As cities become a prime target for the lucrative ransomware industry, preventative measures can be instituted to secure network access points, train employees to identify suspicious email attachments, and protect sensitive systems today.
What Can Cities Do to Remain Alert and Prepared?
There are several best practices that cities can start to implement as ransomware attacks become more prevalent:
- Invest in cybersecurity and business interruption insurance – Have a strategy in place that covers every user, every device, and every file.
- Lockdown administrative rights – Don’t give users administrative rights, even on their own machines, unless it’s absolutely necessary.
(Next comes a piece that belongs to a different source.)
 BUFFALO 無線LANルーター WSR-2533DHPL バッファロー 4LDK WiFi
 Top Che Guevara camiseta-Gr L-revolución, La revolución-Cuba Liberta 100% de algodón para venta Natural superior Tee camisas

- Stay up to date – Keep systems and apps current with the latest patches to avoid exploits that rely on outdated code.
- Protect at the gateway – Untangle’s NG Firewall can block phishing attempts, viruses, botnets, and other malware attempts. It can also block “phone home” requests made by malicious infected applications.
- Back up data – Ensure business-critical assets are backed up, recoverable and stored in a location that is protected from malicious activities that could compromise it.
- Don’t open attachments – Unless your users are absolutely, positively sure that they recognize both the sender and the file, it’s better to leave attachments alone. If they do open attachments, they should never enable macros or executables. Suggest other ways to share documents that require authentication and have built-in virus scanning.